* **Source material**
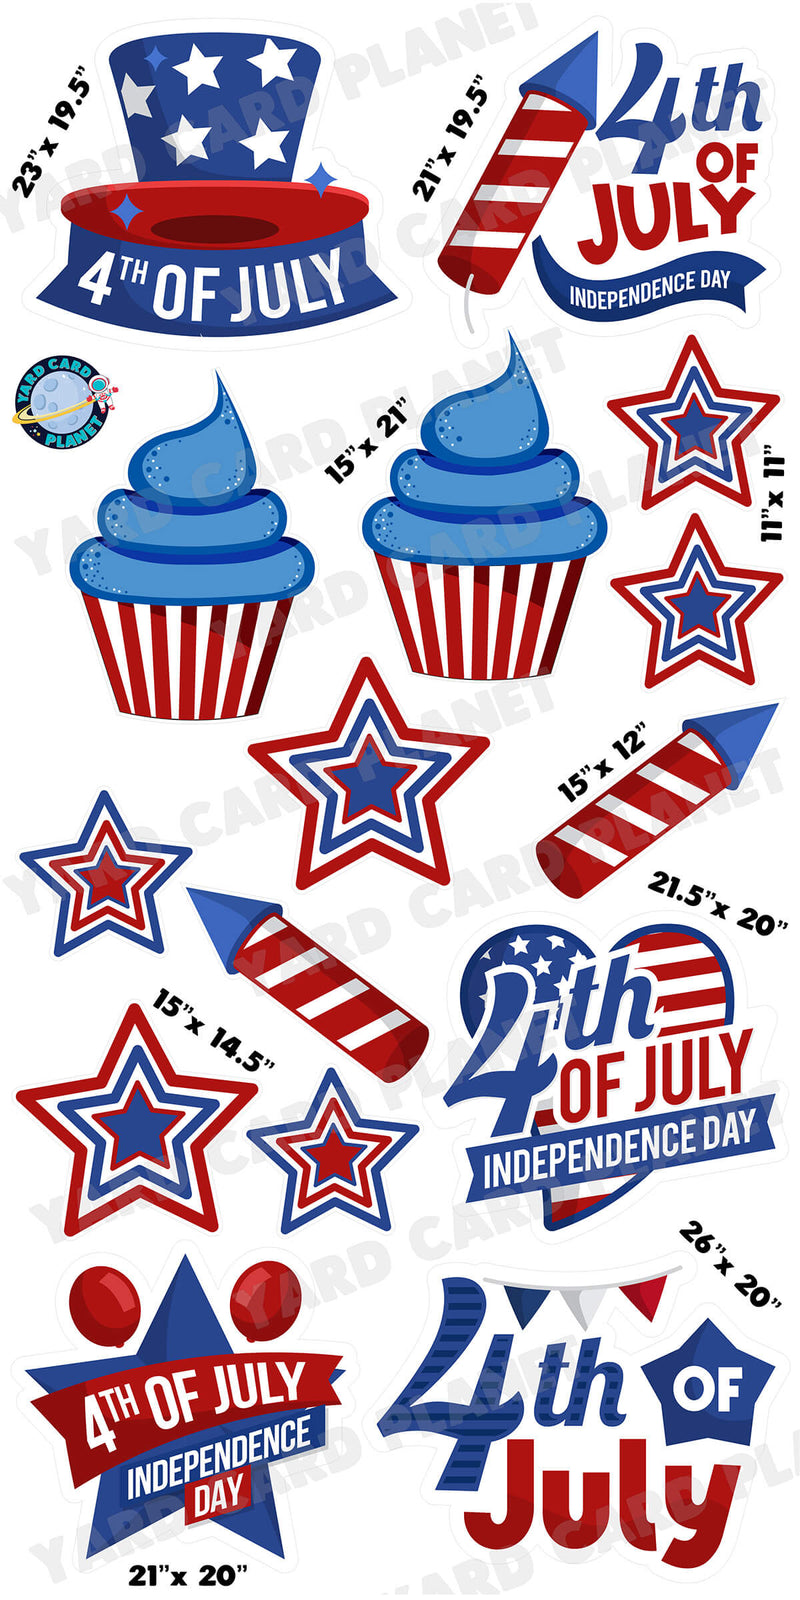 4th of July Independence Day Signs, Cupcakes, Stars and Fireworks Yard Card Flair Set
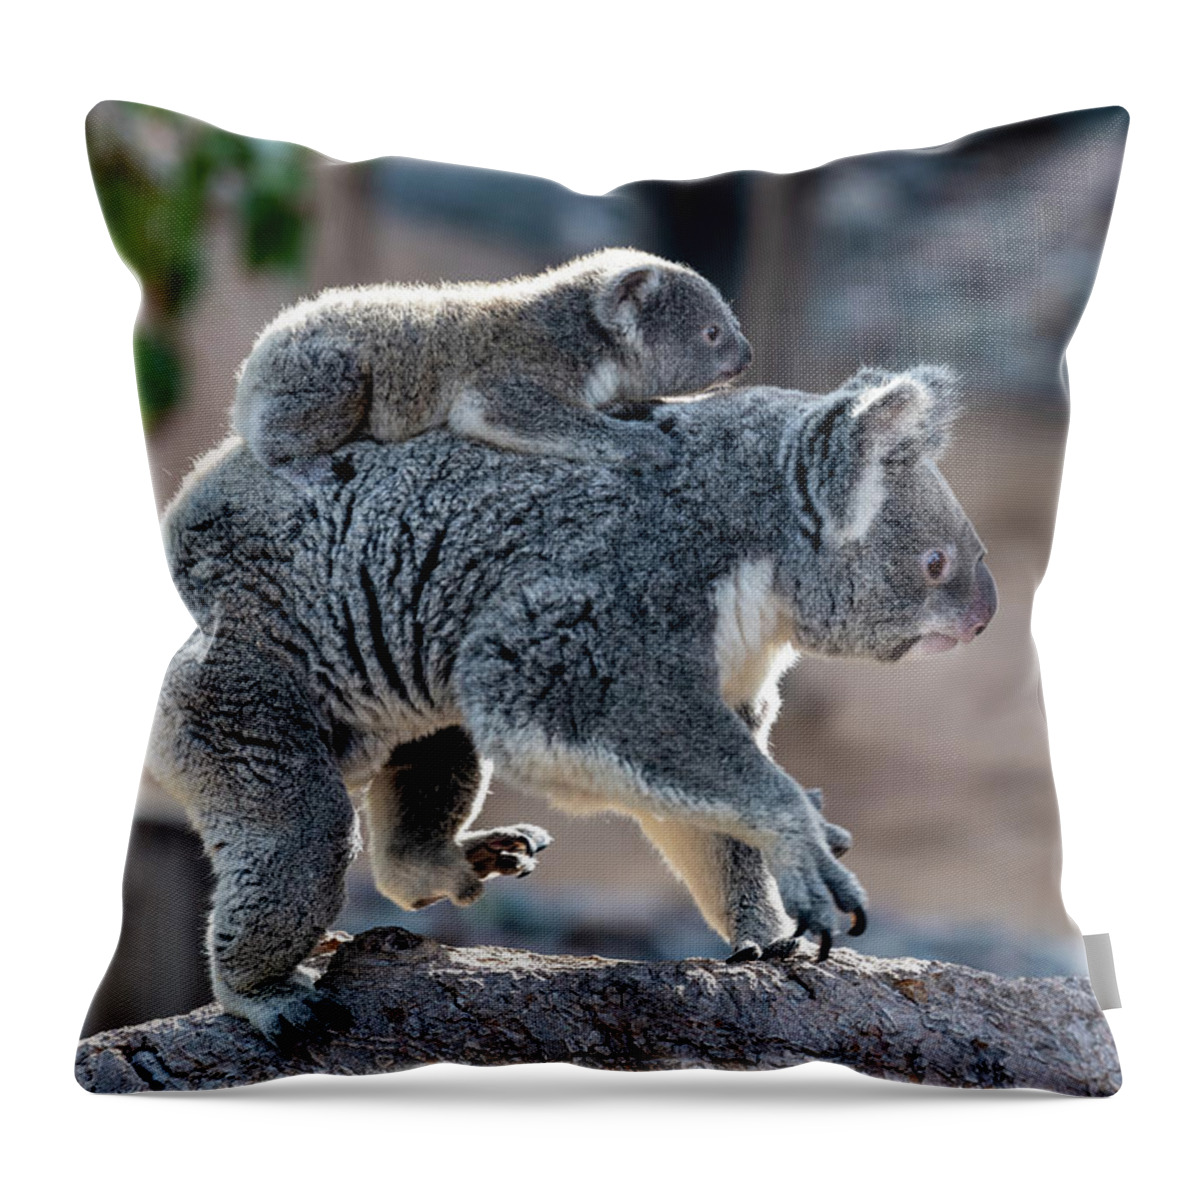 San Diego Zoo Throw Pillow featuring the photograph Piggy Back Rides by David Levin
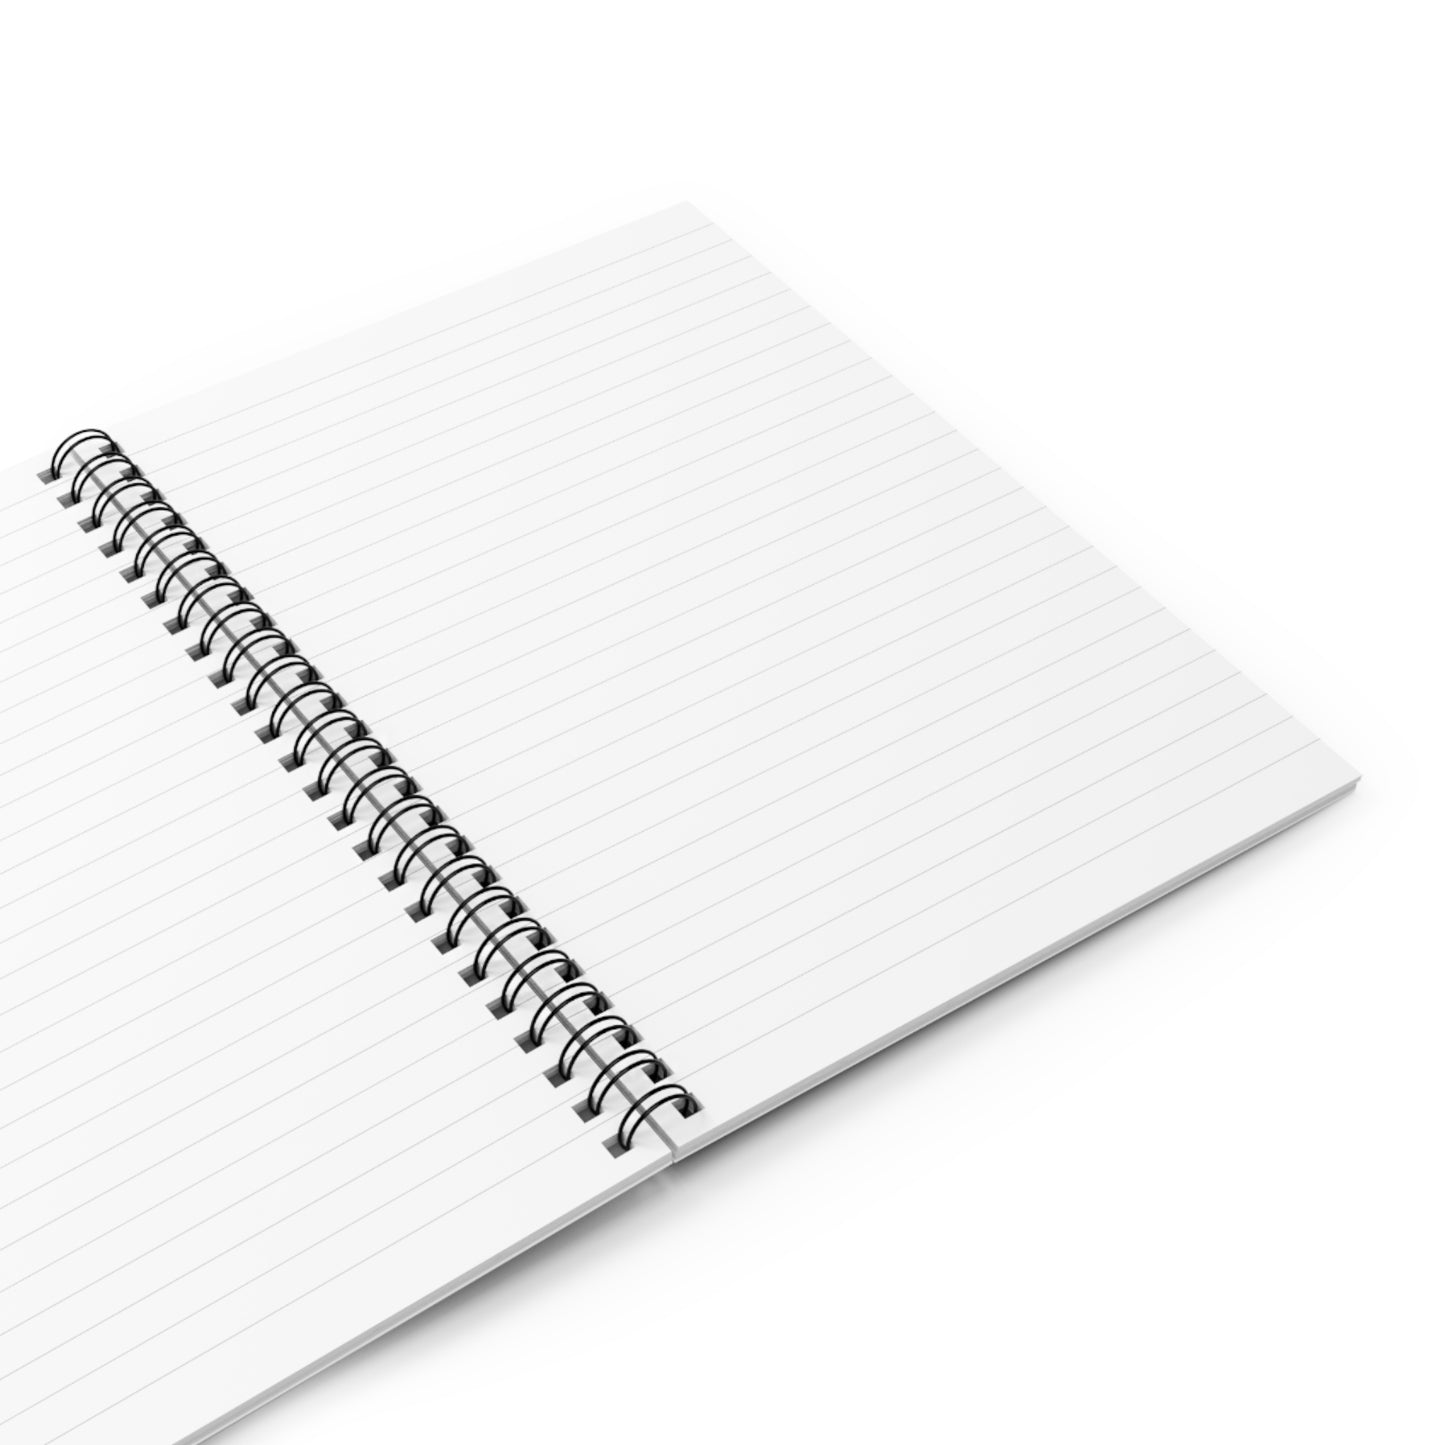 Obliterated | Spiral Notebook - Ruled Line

* **Task**
Copy out the full material exactly. Pictures should not appear in it.

* **Exercise response**
 4th of July Independence Day Signs, Cupcakes, Stars and Fireworks Yard Card Flair Set
 San Diego Zoo Throw Pillow featuring the photograph Piggy Back Rides by David Levin
 Obliterated | Spiral Notebook - Ruled Line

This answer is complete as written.